Reputation: 235
I am trying to parse an xml
file using BeautifulSoup
. Consider a sampleinpt xml
file as follows:
<DOC>
<DOCNO>1</DOCNO>
....
</DOC>
<DOC>
<DOCNO>2</DOCNO>
....
</DOC>
...
This file consists for 130 <DOC>
tags. However, when I tried to parse it using BeautifulSoup's findAll
function, it retrieves a random number of tags (usually between 15 - 25) but never 130. The code I used was as follows:
from bs4 import BeautifulSoup
z = open("filename").read()
soup = BeautifulSoup(z, "lxml")
print len(soup.findAll('doc'))
#more code involving manipulation of results
Can anybody tell me what wrong am I doing? Thanks in advance!
Upvotes: 1
Views: 228
Reputation: 1121346
You are telling BeautifulSoup to use the HTML parser provided by lxml
. If you have an XML document, you should stick to the XML parser option:
soup = BeautifulSoup(z, 'xml')
otherwise the parser will attempt to 'repair' the XML to fit HTML rules.
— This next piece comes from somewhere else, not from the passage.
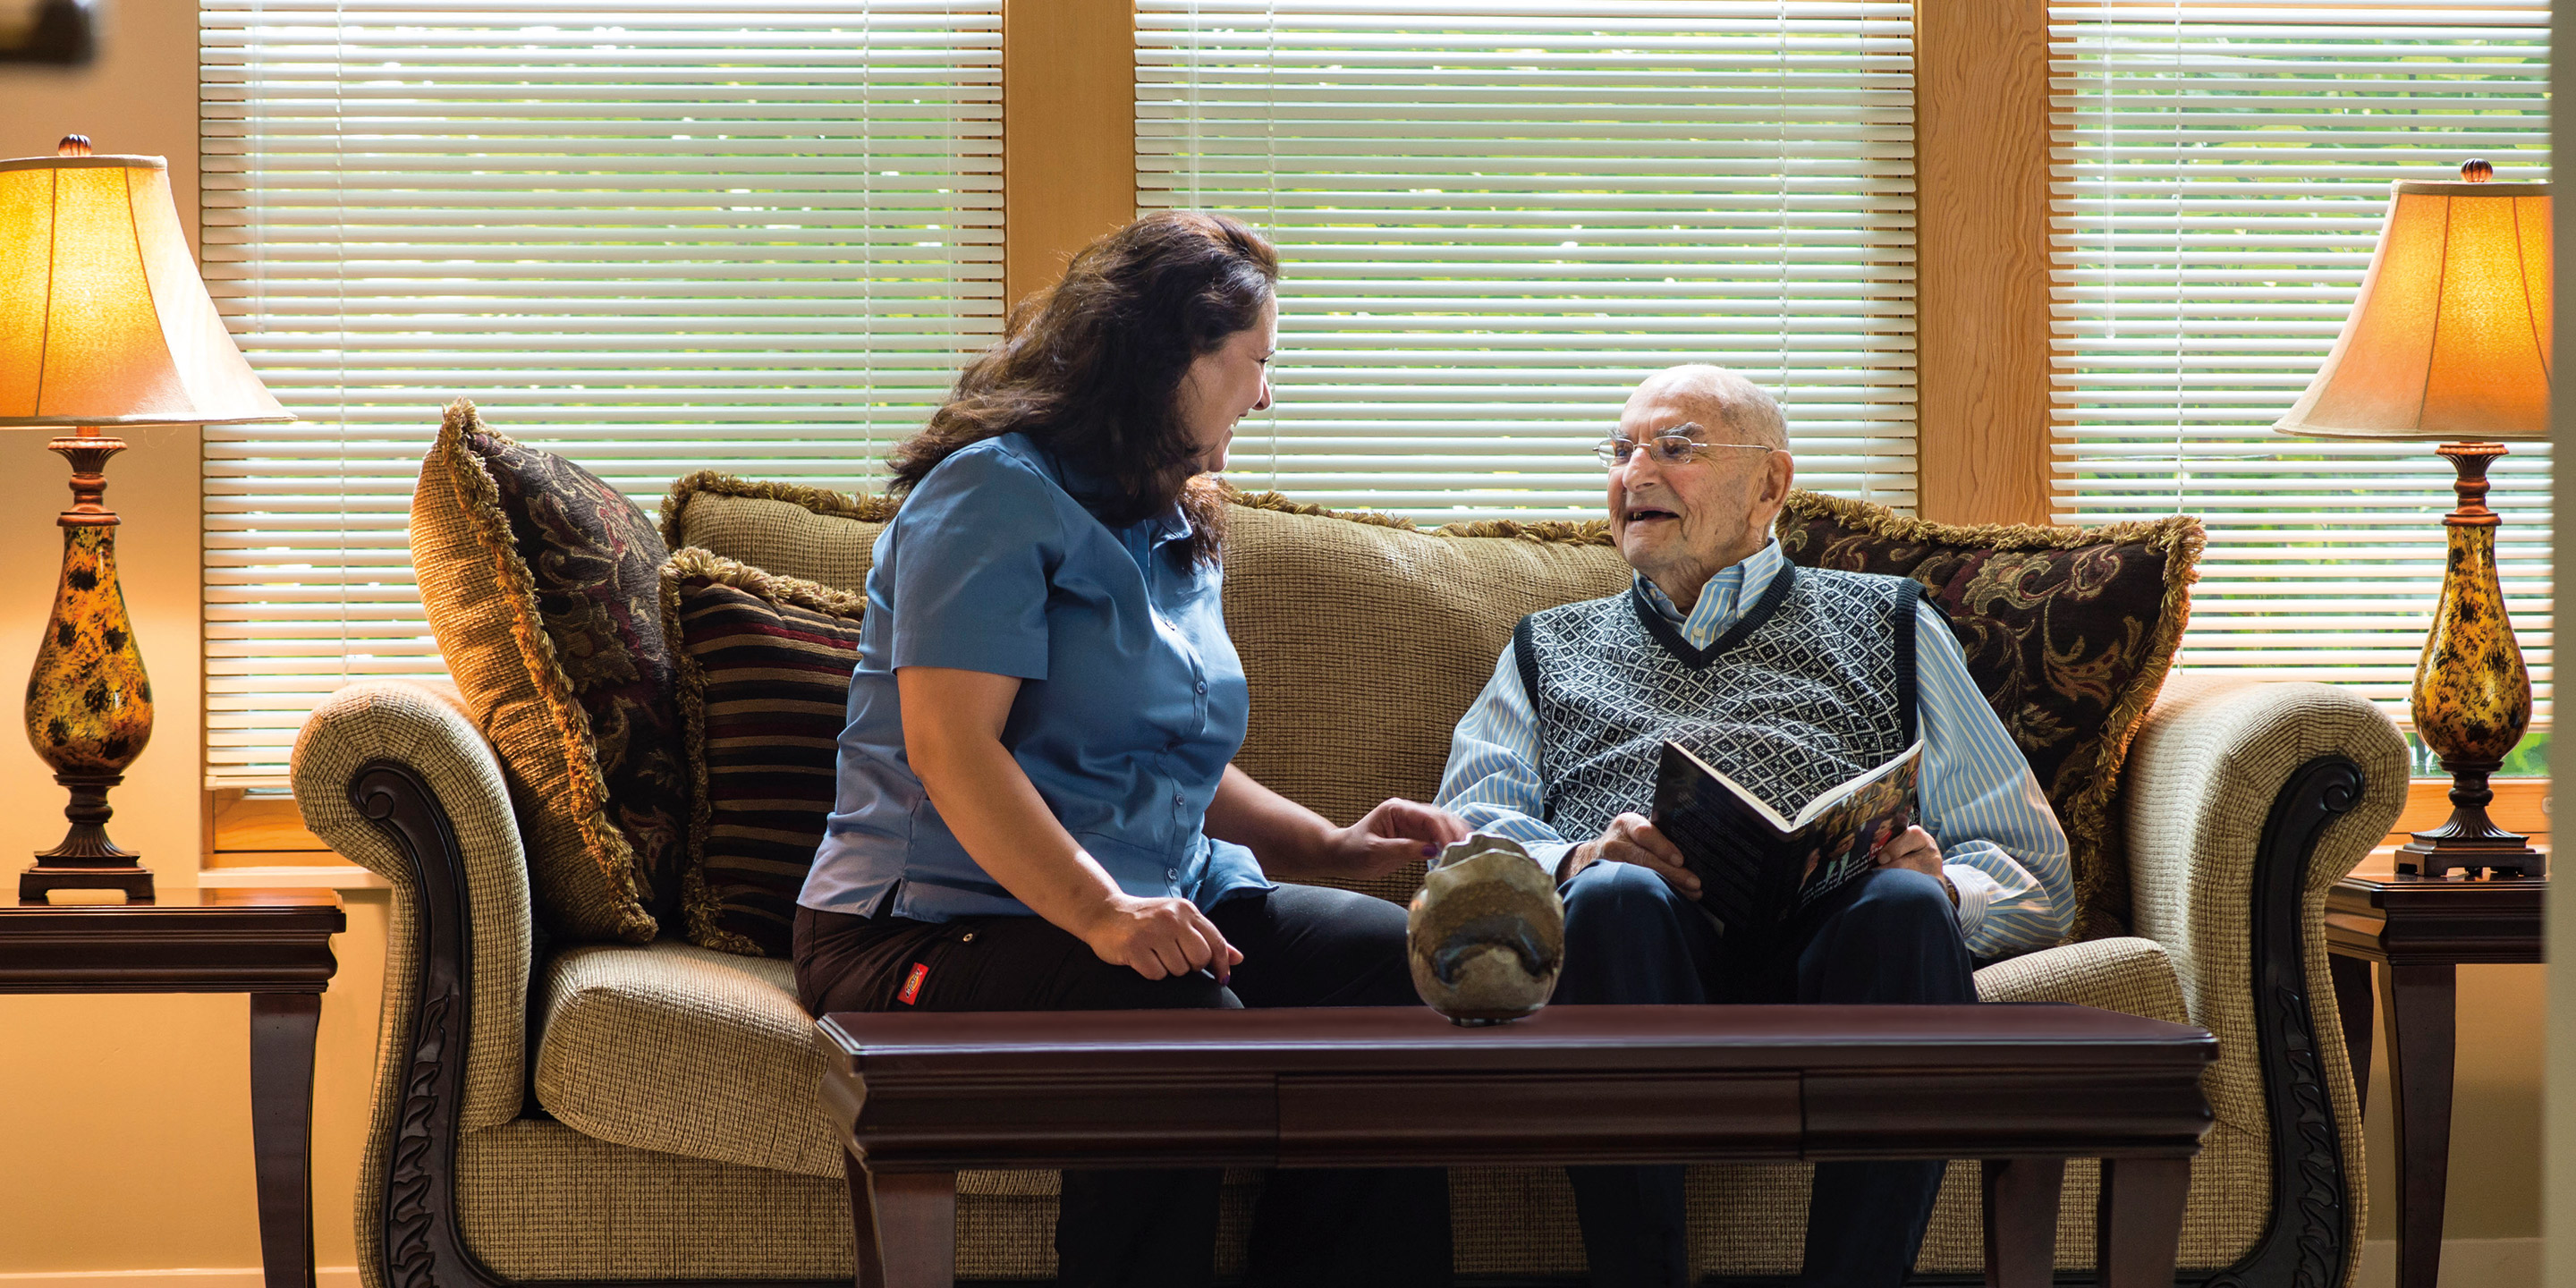 An older male sits on a couch with a woman caregiver and reads.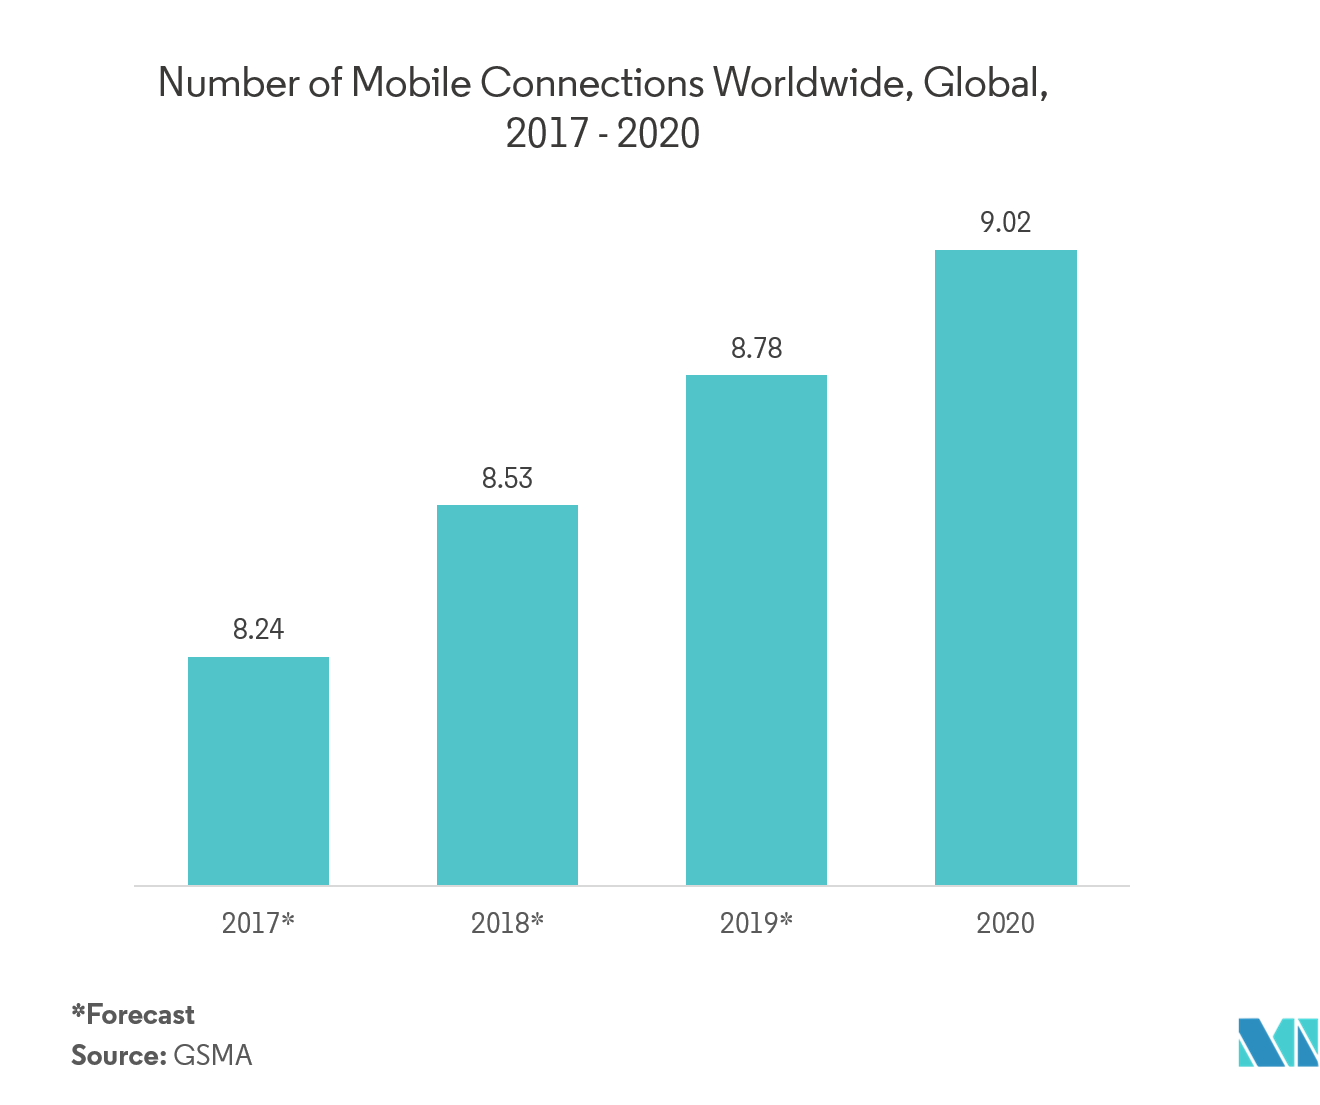 M2M Connections Market Share

XML parsing in BeautifulSoup is also handled by the lxml
library.
Note that XML is case sensitive so you'll need to search for the DOC
element now.
For XML documents it may be that the ElementTree API offered by lxml
is more productive; it supports XPath queries for example, while BeautifulSoup does not.
However, from your sample it looks like there is no one top level element; it is as if your document consists of a whole series of XML documents instead. This makes your input invalid, and a parser may just stick to only parsing the first element as the top-level document instead.
Upvotes: 2